If you find any mistakes, please make a comment! Thank you.

Solution to Linear Algebra Hoffman & Kunze Chapter 2.2


Exercise 2.2.1

(a) This is not a subspace because for $(1,\dots,1)$ the additive inverse is $(-1,\dots,-1)$ which does not satisfy the condition.

(b) Suppose $(a_1,a_2,a_3,\dots,a_n)$ and $(b_1,b_2,b_3,\dots,b_n)$ satisfy the condition and let $c\in\Bbb R$. By Theorem 1 (page 35) we must show that $$c(a_1,a_2,a_3,\dots,a_n)+(b_1,b_2,b_3,\dots,b_n)=(ca_1+b_1,\dots,ca_n+b_n)$$ satisfies the condition. Now $$(ca_1+b_1)+3(ca_2+b_2)=c(a_1+3a_2)+(b_1+3b_2)=c(a_3)+(b_3)=ca_3+b_3.$$ Thus it does satisfy the condition so $V$ is a vector space.

(c) This is not a vector space because $(1,1)$ satisfies the condition since $1^2=1$, but $$(1,1,\dots)+(1,1,\dots)=(2,2,\dots)$$ and $(2,2,\dots)$ does not satisfy the condition because $2^2\not=2$.

(d) This is not a subspace. $(1,0,\dots)$ and $(0,1,\dots)$ both satisfy the condition, but their sum is $(1,1,\dots)$ which does not satisfy the condition.

(e) This is not a subspace. $(1,1,\dots,1)$ satisfies the condition, but $\pi(1,1,\dots,1)=(\pi,\pi,\dots,\pi)$ does not satisfy the condition.


Exercise 2.2.2

(a) Not a subspace. Let $f(x)=x$ and $g(x)=x^2$. Then both satisfy the condition: $f(x^2)=x^2=(f(x))^2$ and $g(x^2)=(x^2)^2=(g(x))^2$. But $(f+g)(x)=x+x^2$ and $(f+g)(x^2)=x^2+x^4$ while $$[(f+g)(x)]^2=(x+x^2)^2=x^4+2x^3+x^2.$$ These are not equal polynomials so the condition does not hold for $f+g$.

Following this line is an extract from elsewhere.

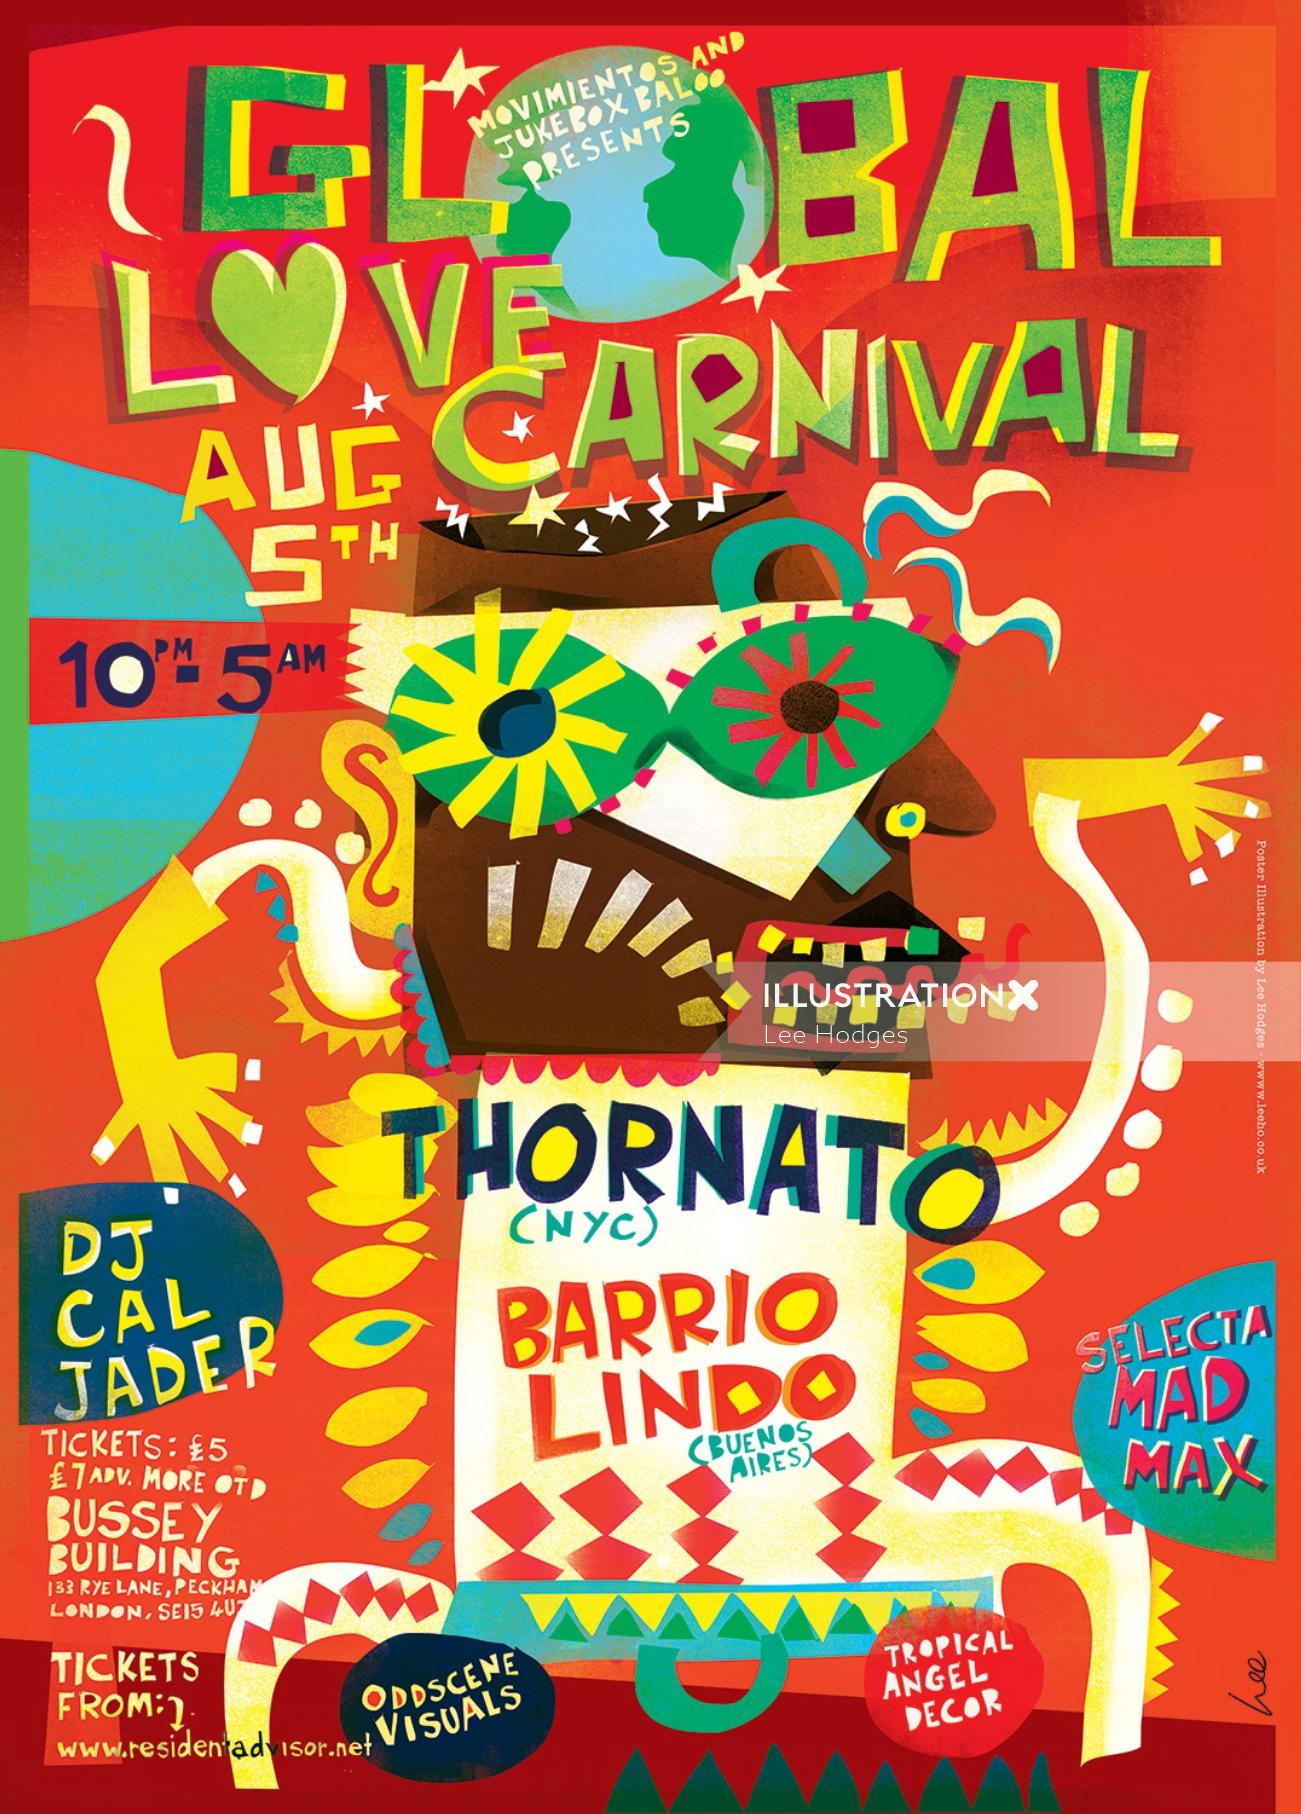 Love Carnival advertising poster

(b) Yes a subspace. Suppose $f$ and $g$ satisfy the property. Let $c\in\mathbb R$. Then $$(cf+g)(0)=cf(0)+g(0)=cf(1)+g(1)=(cf+g)(1).$$ Thus $(cf+g)(0)=(cf+g)(1)$. By Theorem 1 (page 35) the set of all such functions constitute a subspace.

(c) Not a subspae. Let $f(x)$ be the function defined by $f(3)=1$ and $f(x)=0$ for all $x\not=3$. Let $g(x)$ be the function defined by $g(-5)=0$ and $g(x)=1$ for all $x\not=-5$. Then both $f$ and $g$ satisfy the condition. But $$(f+g)(3)=f(3)+g(3)=1+1=2,$$ while $$1+(f+g)(-5)=1+f(-5)+g(-5)=1+0+0=1.$$ Since $1\not=2$, $f+g$ does not satisfy the condition.

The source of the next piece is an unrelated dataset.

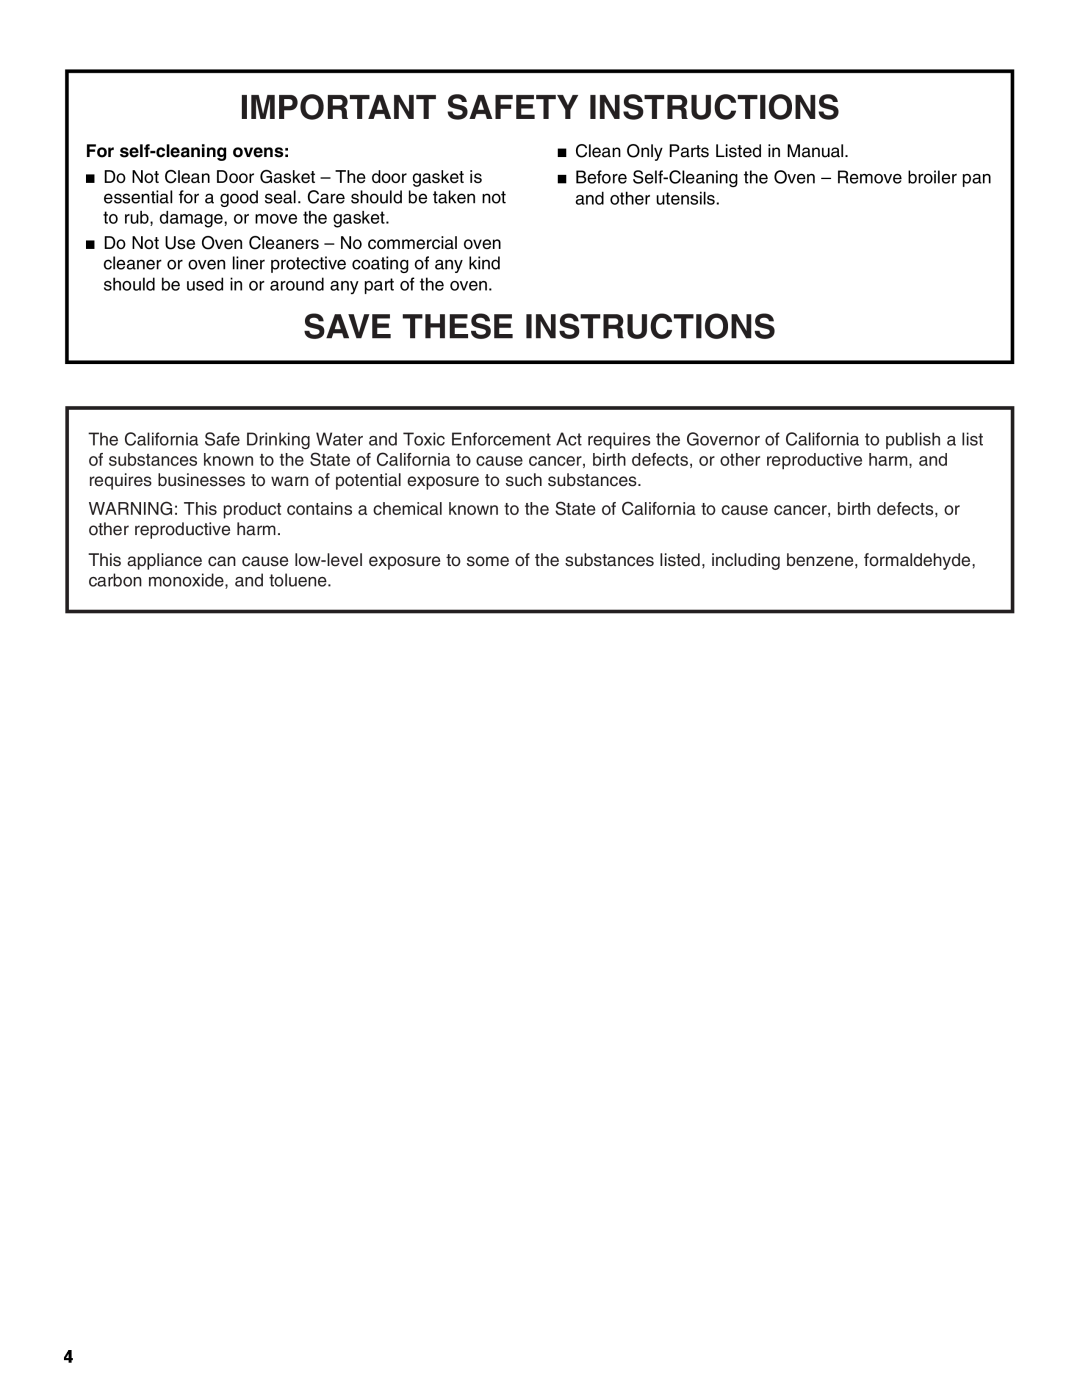 KitchenAid KEBC101, KEBC206, KEBC171, KEB276 For self-cleaning ovens, Important Safety Instructions, Save These Instructions

(d) Yes a subspace. Suppose $f$ and $g$ satisfy the property. Let $c\in\mathbb R$. Then $$(cf+g)(-1)=cf(-1)+g(-1)=c\cdot0+0=0.$$ Thus $(cf+g)(-1)=0$. By Theorem 1 (page 35) the set of all such functions constitute a subspace.

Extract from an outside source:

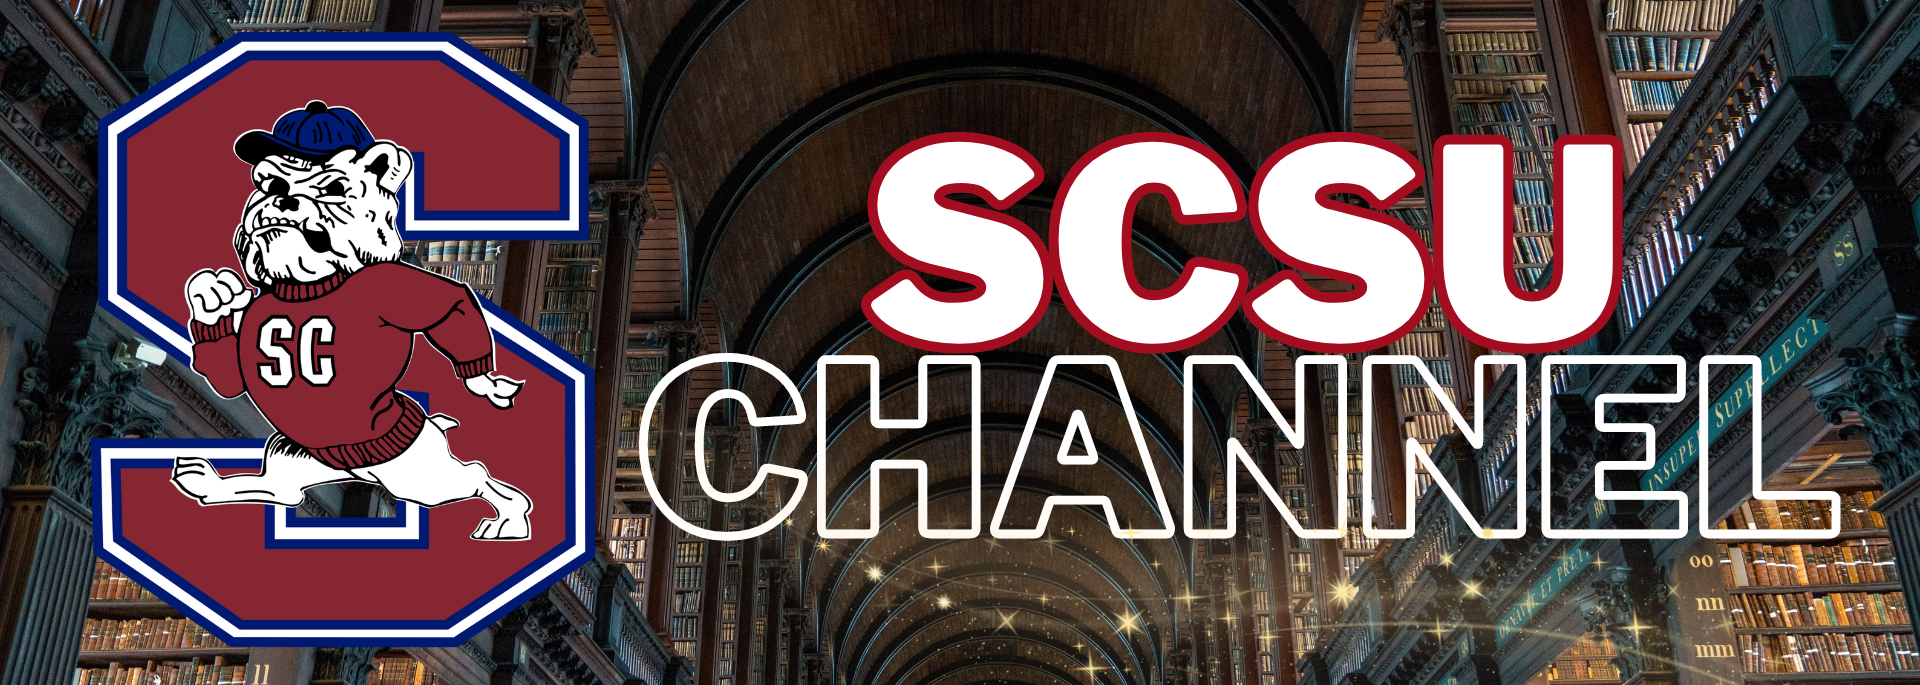 South Carolina State University Channel channel

(e) Yes a subspace. Let $f$ and $g$ be continuous functions from $\mathbb R$ to $\mathbb R$ and let $c\in\mathbb R$. Then we know from basic results of real analysis that the sum and product of continuous functions are continuous. Since the function $c\mapsto c$ is continuous as well as $f$ and $g$, it follows that $cf+g$ is continuous. By Theorem 1 (page 35) the set of all cotinuous functions constitute a subspace.


Exercise 2.2.3

I assume they meant $\mathbb R^4$. No, $(3,-1,0,-1)$ is not in the subspace. If we row reduce the augmented matrix
$$\left[\begin{array}{ccc|c}2&-1&1&3\\-1&1&1&-1\\3&1&9&0\\2&-3&-5&-1\end{array}\right]$$we obtain
$$\left[\begin{array}{ccc|c}1&0&2&2\\0&1&3&1\\0&0&0&-7\\0&0&0&-2\end{array}\right].$$The two bottom rows are zero rows to the left of the divider, but the values to the right of the divider in those two rows are non-zero. Thus the system does not have a solution (see comments bottom of page 24 and top of page 25).


Exercise 2.2.4

The matrix of the system is
$$\left[\begin{array}{ccccc}2&-1&4/3&-1&0\\1&0&2/3&0&-1\\9&-3&6&-3&-3\end{array}\right].$$Row reducing to reduced echelon form gives
$$\left[\begin{array}{ccccc}1&0&2/3&0&-1\\0&1&0&1&-2\\0&0&0&0&0\end{array}\right].$$Thus the system is equivalent to
$$x_1+2/3x_3-x_5=0$$$$x_2+x_4-2x_5=0.$$Thus the system is parametrized by $(x_3,x_4,x_5)$. Setting each equal to one and the other two to zero (as in Example 15, page 42), in turn, gives the three vectors $(-2/3,0,1,0,0)$, $(0,-1,0,1,0)$ and $(1,2,0,0,1)$. These three vectors therefore span $W$.


Exercise 2.2.5

(a) This is not a subspace. Let $A=\left[\begin{array}{cc}1&0\\0&1\end{array}\right]$ and let $B=\left[\begin{array}{cc}-1&0\\0&-1\end{array}\right]$. Then both $A$ and $B$ are invertible, but $A+B=\left[\begin{array}{cc}0&0\\0&0\end{array}\right]$ which is not invertible. Thus the subset is not closed with respect to matrix addition. Therefore it cannot be a subspace.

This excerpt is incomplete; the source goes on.